Here is an example of a container group configuration that you can use to deploy this:
{
"name": "tgi-qwen2-5-vl-7b-instruct",
"display_name": "tgi-qwen2-5-vl-7b-instruct",
"container": {
"image": "saladtechnologies/text-generation-inference:3.2.0-qwen-2.5-vl-7b-instruct",
"resources": {
"cpu": 4,
"memory": 30720,
"gpu_classes": ["a5db5c50-cbcb-4596-ae80-6a0c8090d80f"]
},
"command": [],
"priority": "high",
"environment_variables": {
"HOSTNAME": "::"
},
"image_caching": true
},
"autostart_policy": true,
"restart_policy": "always",
"replicas": 3,
"networking": {
"protocol": "http",
"port": 3000,
"auth": false,
"load_balancer": "least_number_of_connections",
"single_connection_limit": false,
"client_request_timeout": 100000,
"server_response_timeout": 100000
},
"startup_probe": {
"http": {
"path": "/health",
"port": 3000,
"scheme": "http",
"headers": []
},
"initial_delay_seconds": 0,
"period_seconds": 3,
"timeout_seconds": 10,
"success_threshold": 1,
"failure_threshold": 50
}
}
This configuration will deploy three replicas of the TGI server, each with 4 CPUs, 30GB of memory, and an RTX 3090 with
24GB of VRAM. The server will be accessible via HTTP on port 3000, and will be load balanced using the least number of
connections algorithm.
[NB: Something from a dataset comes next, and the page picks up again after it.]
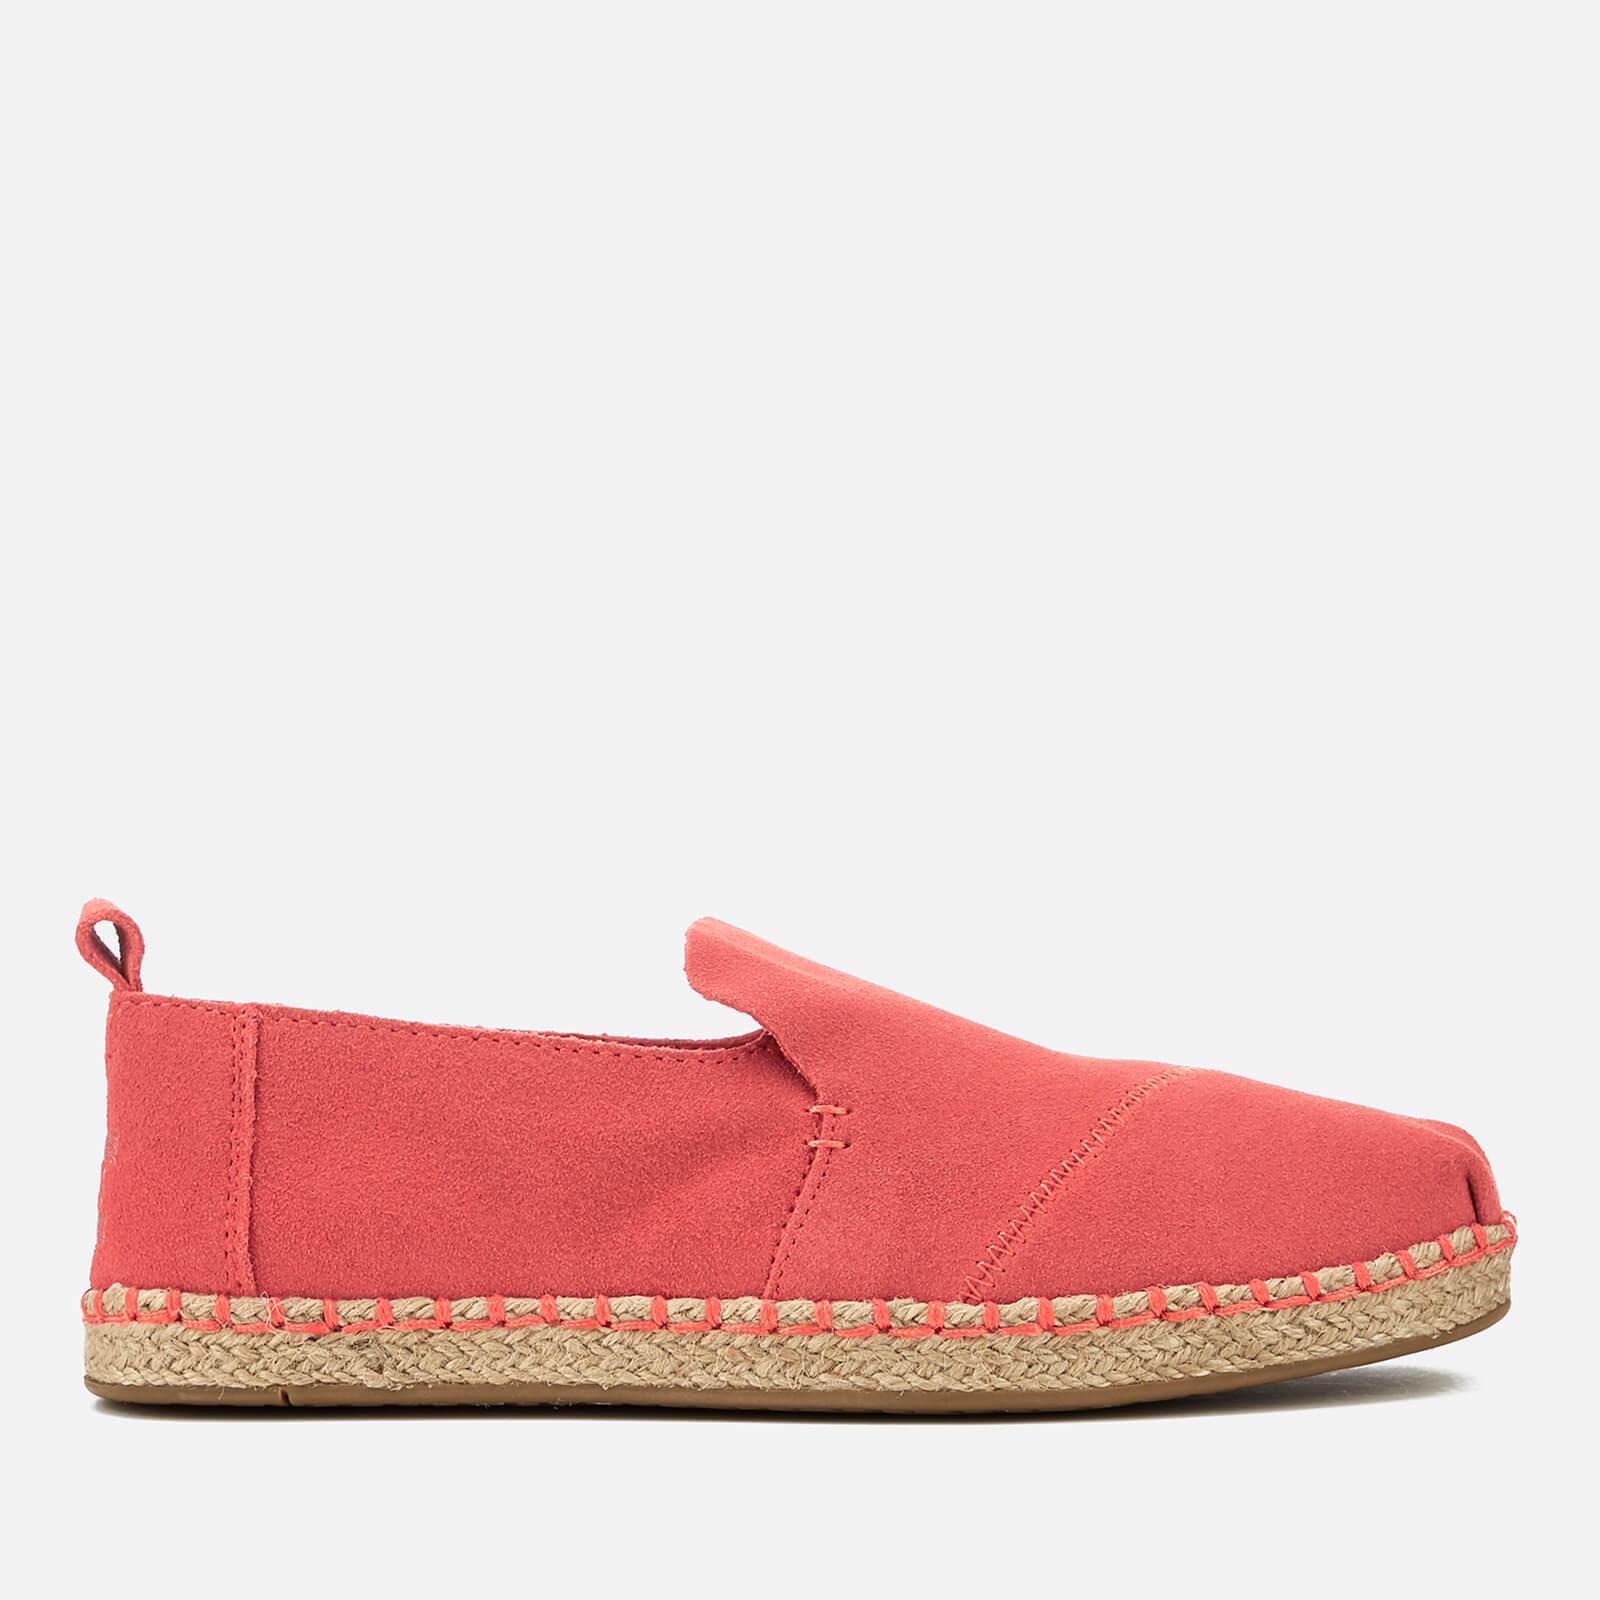 7640a3dab30 TOMS Women s Deconstructed Suede Alpargata Espadrilles - Hibiscous Womens  Footwear

Of particular note, the environment variable HOSTNAME is set to ::, which allows the server
to listen on ipv6 interfaces, as required by SaladCloud. The above example does not enable authentication, but you can
by setting .networking.auth to true.
Save the above configuration to a file container-group.json, and submit it to the SaladCloud API to deploy your
container group.
curl --request POST \
--url "https://api.salad.com/api/public/organizations/${organization_name}/projects/${project_name}/containers" \
--header 'Content-Type: application/json' \
--header 'Salad-Api-Key: <api-key>' \
--data @container-group.json
It will take some time for your container group to become “running.” It first must pull your container image into our
internal cache, and then download the image to three compatible nodes. Once the container group is running, you can
access the TGI server at the “Access Domain Name” provided in the response from the API, or via the SaladCloud Portal.
Using The Model
Once the container group is running, you can access swagger documentation at /docs. This will show you the available
API endpoints and how to interact with them. We will be using the OpenAI-compatible /v1/chat/completions endpoint to
generate image captions.
To generate a caption for an image, it needs to be downloadable via a URL. This can be accomplished with just about any
cloud storage provider, and can also be done with Salad’s S4 service. Here is an example
of how to generate a caption for an image using the TGI server:
curl -X 'POST' \
'https://some-random-prefix.salad.cloud/v1/chat/completions' \
-H 'accept: application/json' \
-H 'Content-Type: application/json' \
-d '{
"max_tokens": 256,
"messages":[
{
"role": "user",
"content": [
{
"type": "text",
"text": "What is in this image? Include details."
},
{
"type": "image_url",
"image_url": {
"url": "https://salad-benchmark-assets.download/coco2017/train2017/000000000094.jpg"
}
}
]
}
],
"stream": false
}'
This will return a JSON response with the generated caption. You can adjust the max_tokens parameter to control the
length of the generated caption. The image_url parameter should be a URL to the image you want to generate a caption
for.
Conclusion
In this guide, we have shown you how to deploy a Vision-Language Model for image captioning using SaladCloud. This model
provides state-of-the-art performance in image captioning tasks, and can be easily deployed using SaladCloud. By
building a custom Docker image with the model weights pre-downloaded, you can save costs and improve performance. We
have also shown you how to interact with the model using the TGI server’s API endpoints.